A study conducted at the Icahn School of Medicine at Mount Sinai has advanced our understanding of the mechanisms underlying oxycodone action that may be of value in the effort to separate the analgesic effects of opioids from their addictive properties. The protein RGS9-2 is known to control the function of opioid receptors in the brain. Building on this knowledge, the research team employed mouse models of both acute and chronic pain to demonstrate that it promotes addiction to oxycodone in both pain states, as well as in pain-free conditions. However, mice that were genetically engineered to lack RGS9-2 encoding ability showed fewer addictive behaviors without affecting the analgesic properties of the oxycodone.
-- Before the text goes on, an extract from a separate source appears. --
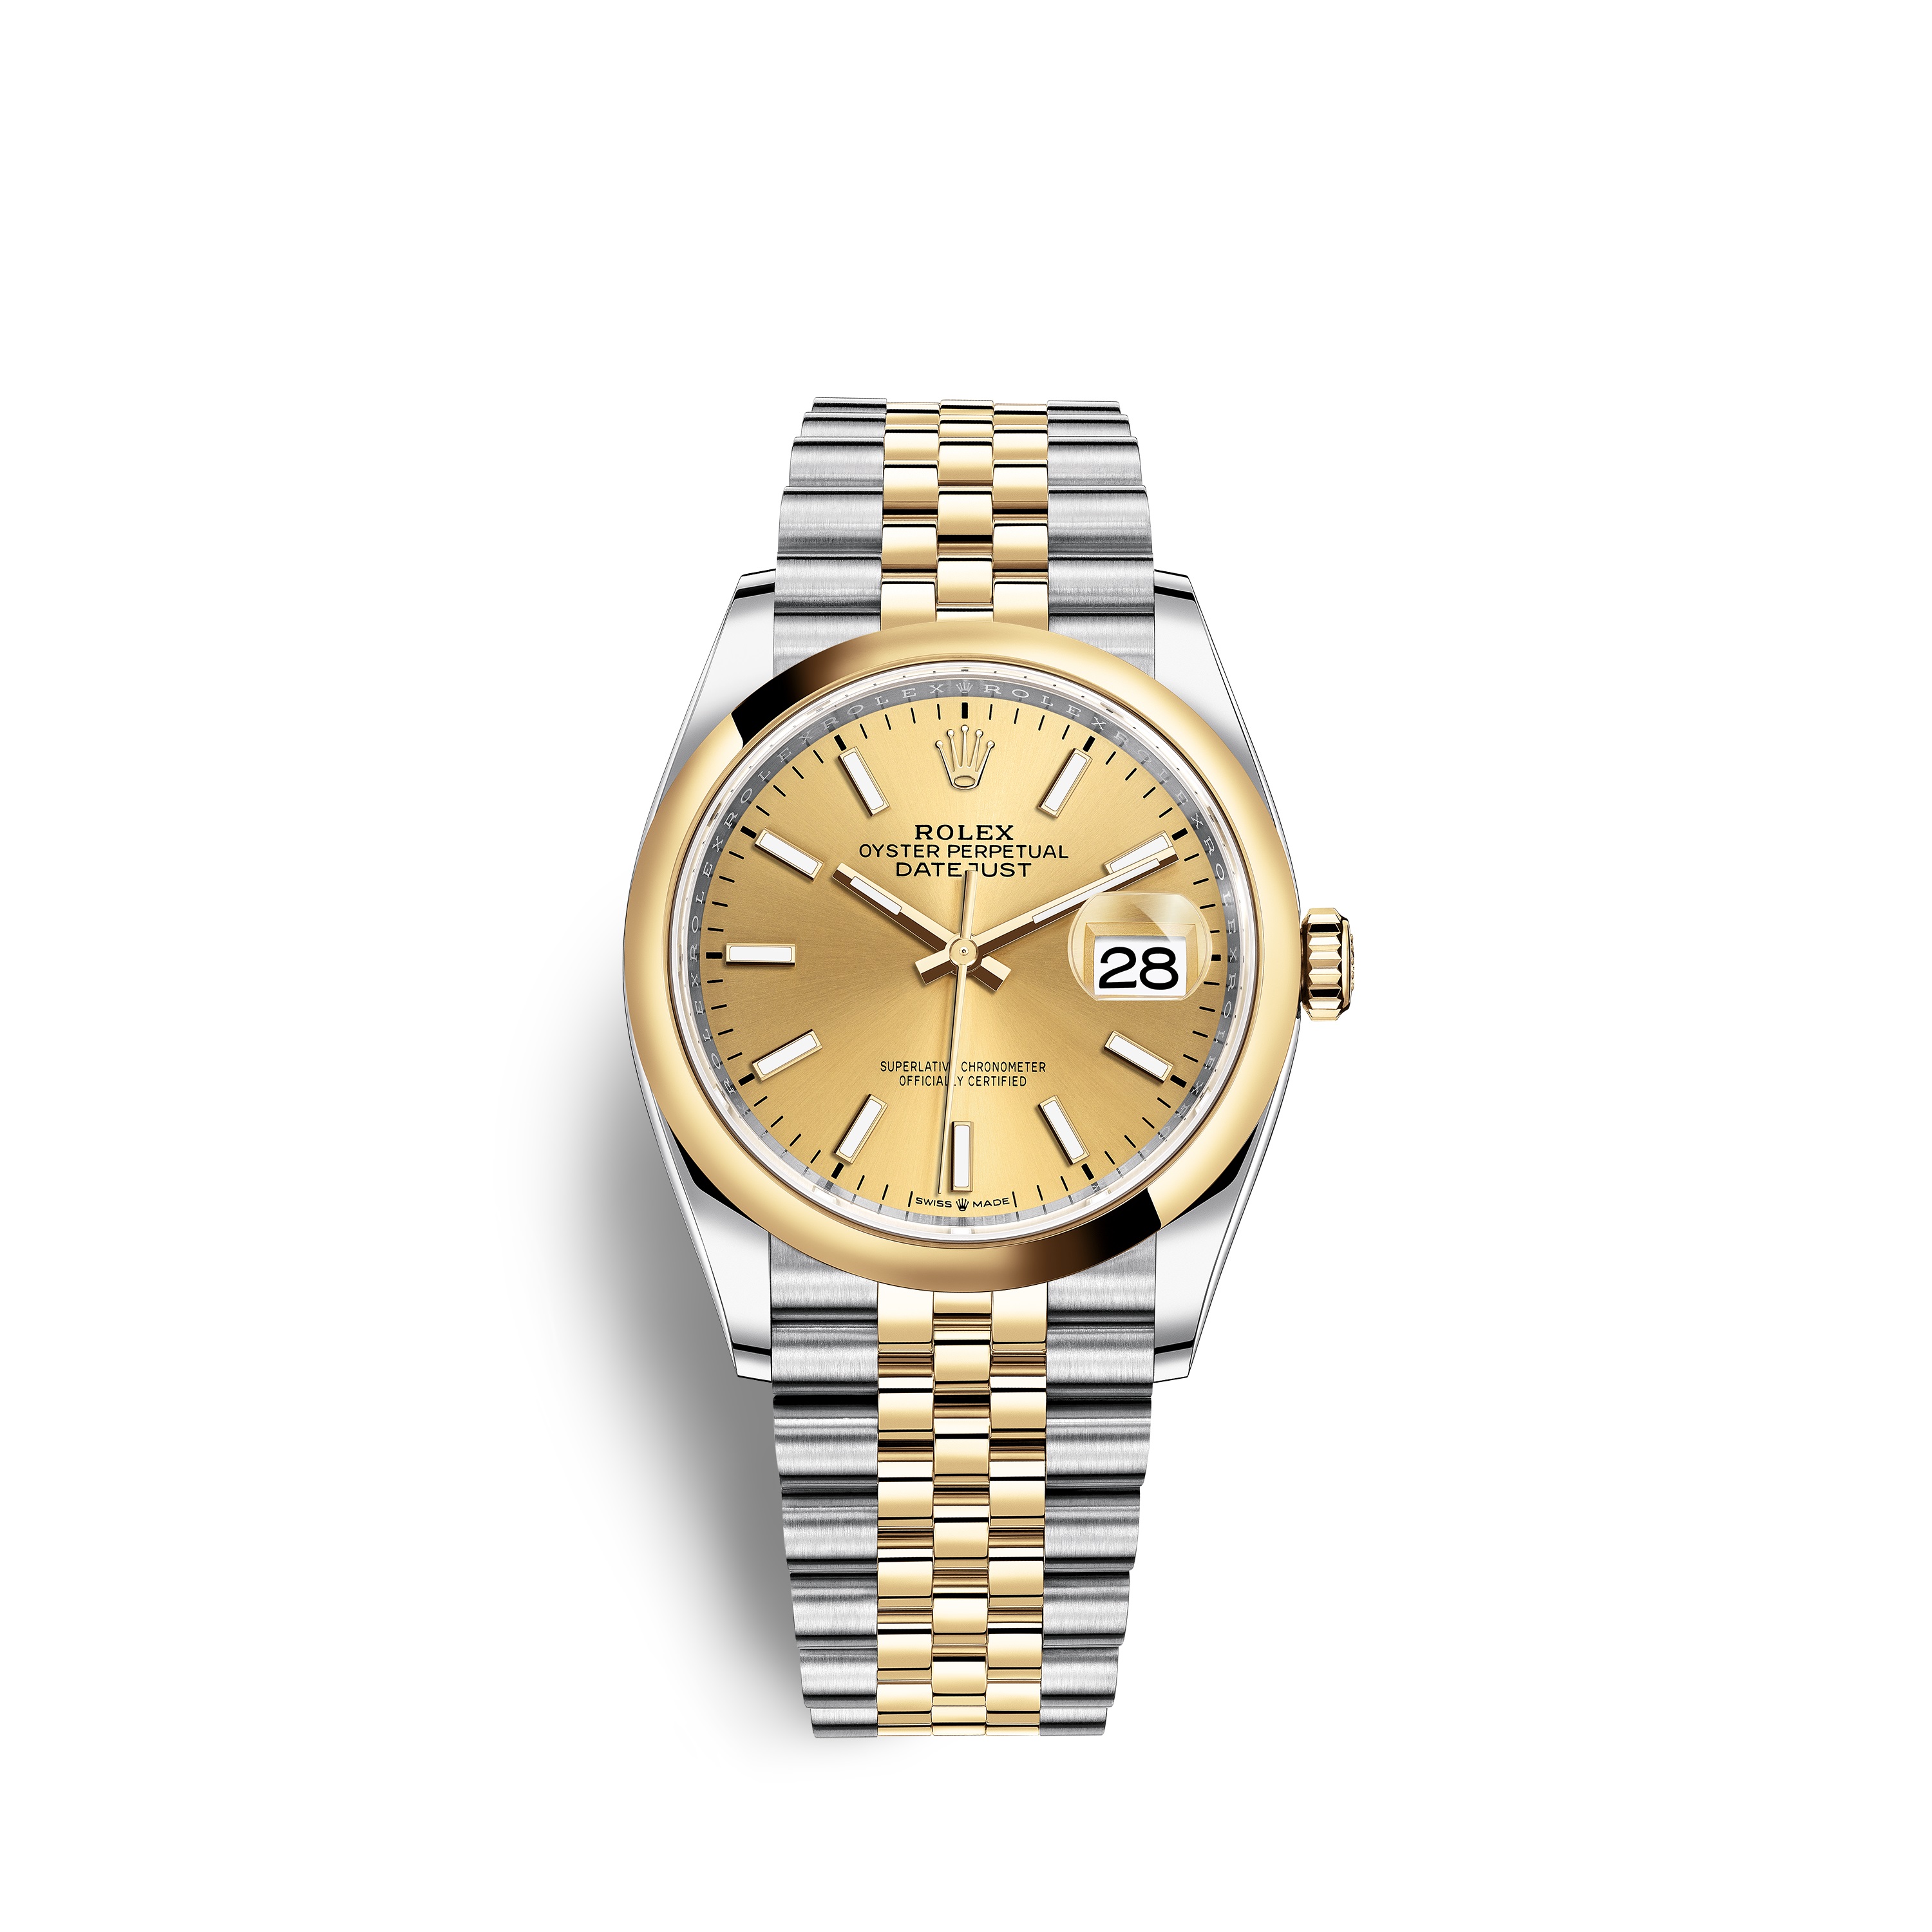 Datejust 36 126203 Gold & Stainless Steel Watch (Champagne)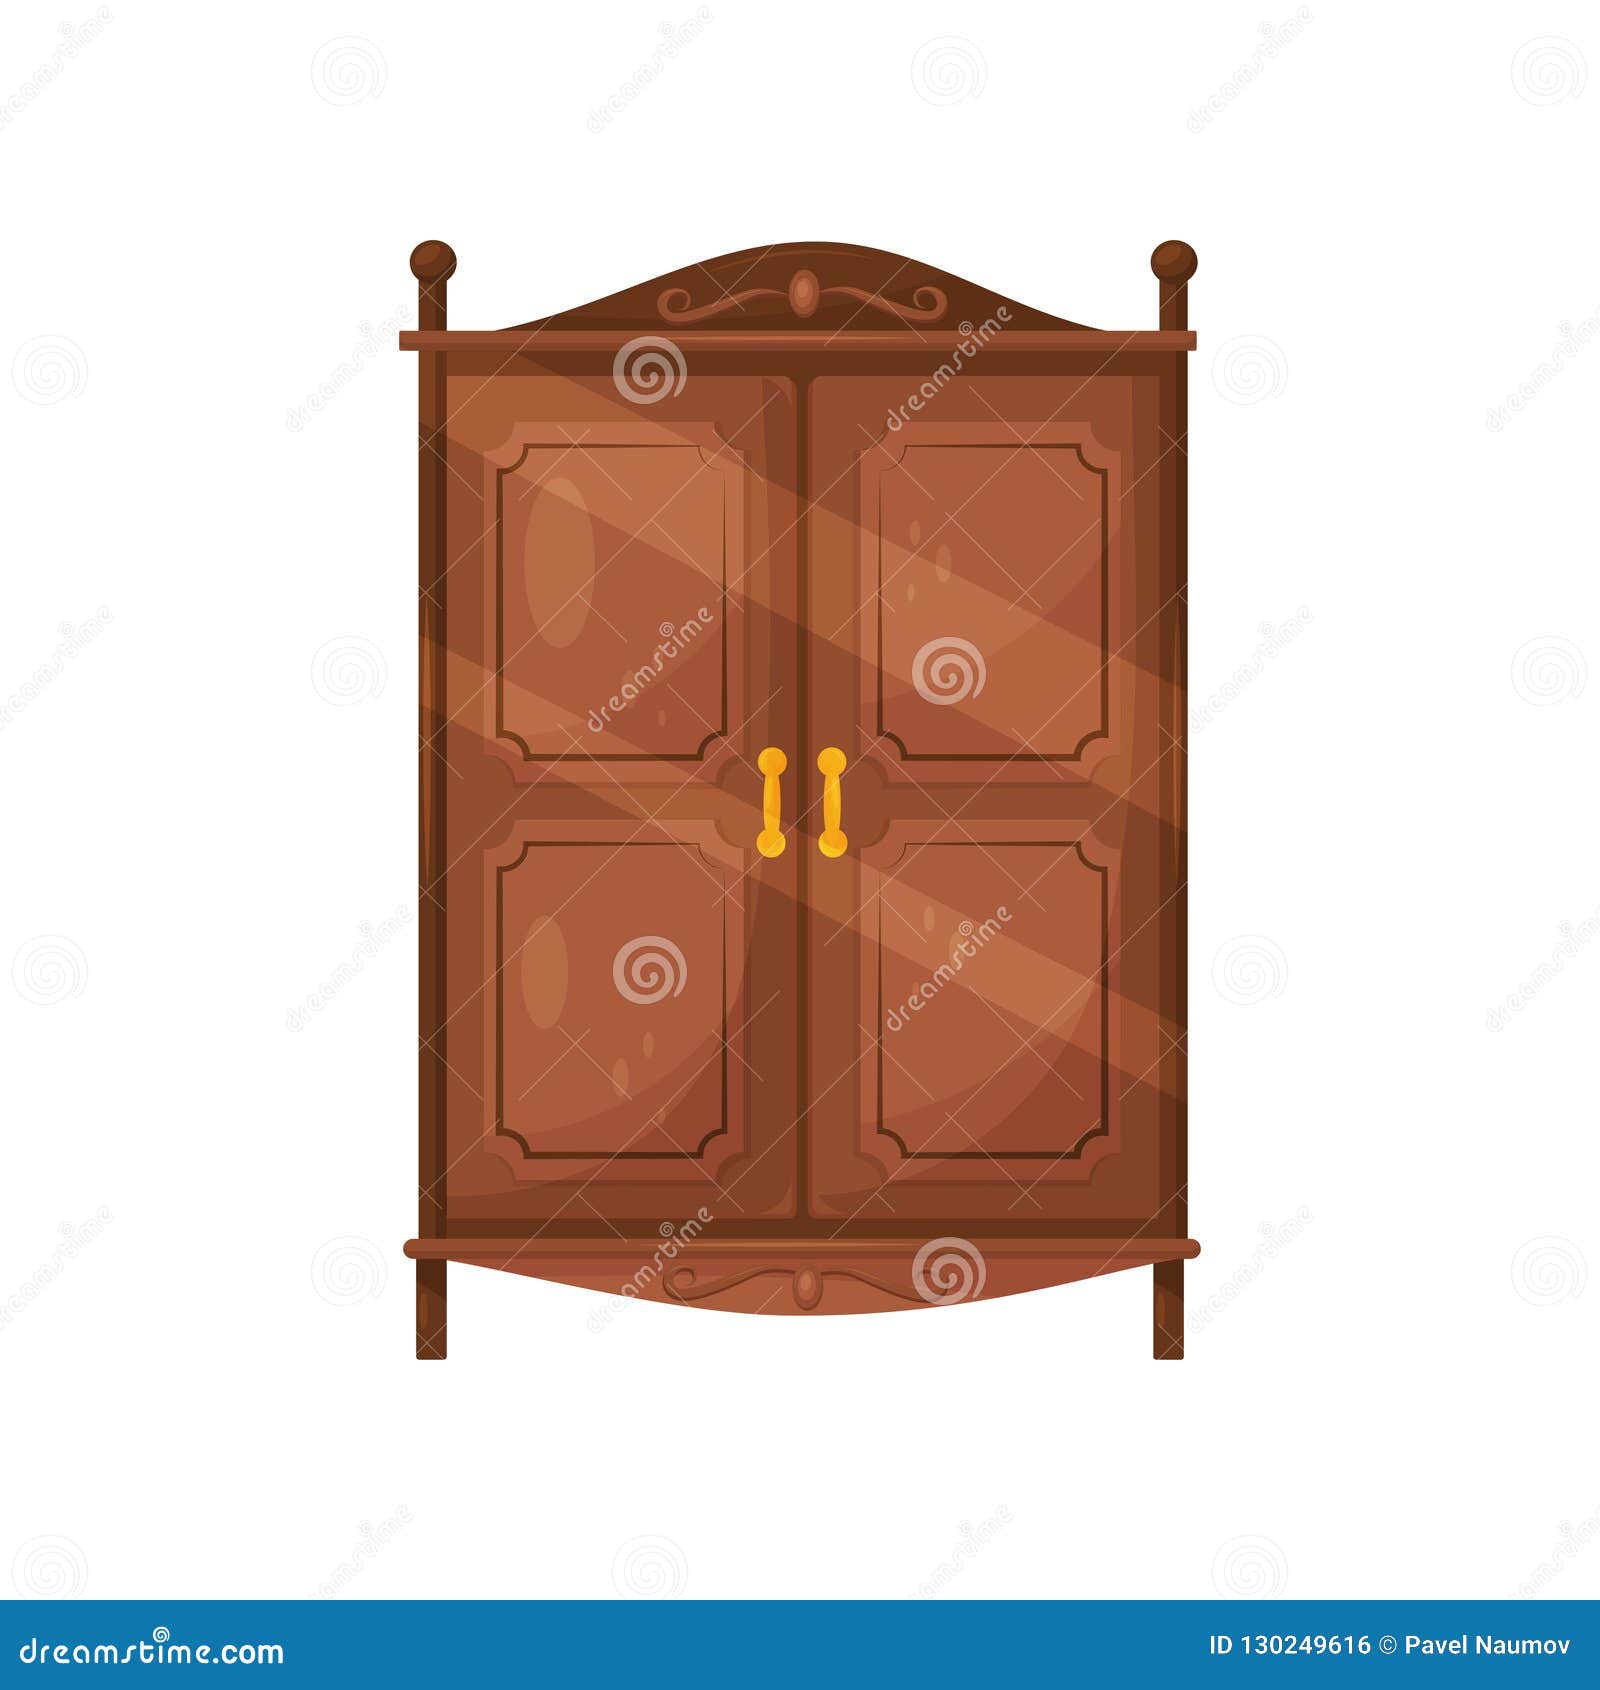 flat  icon of vintage wooden cabinet with golden handles. classic furniture for bedroom. brown cupboard

The findings were published online earlier this week in the journal Neuropsychopharmacology.
An additional conclusion of the study was that the intracellular actions of oxycodone are distinct from those of morphine. Venetia Zachariou, PhD, Associate Professor at the Icahn School of Medicine at Mount Sinai, commented, “Our work reveals that intracellular factors that prevent the actions of morphine may actually promote the actions of oxycodone. This information is particularly important for pain management strategies, as a common course is to have patients oscillate between oxycodone and morphine to achieve pain relief.” The authors state that their work may assist clinicians in more accurately assessing the risks and benefits of oxycodone therapy for pain.
Read a news story about the discovery here.
The journal abstract may be read here.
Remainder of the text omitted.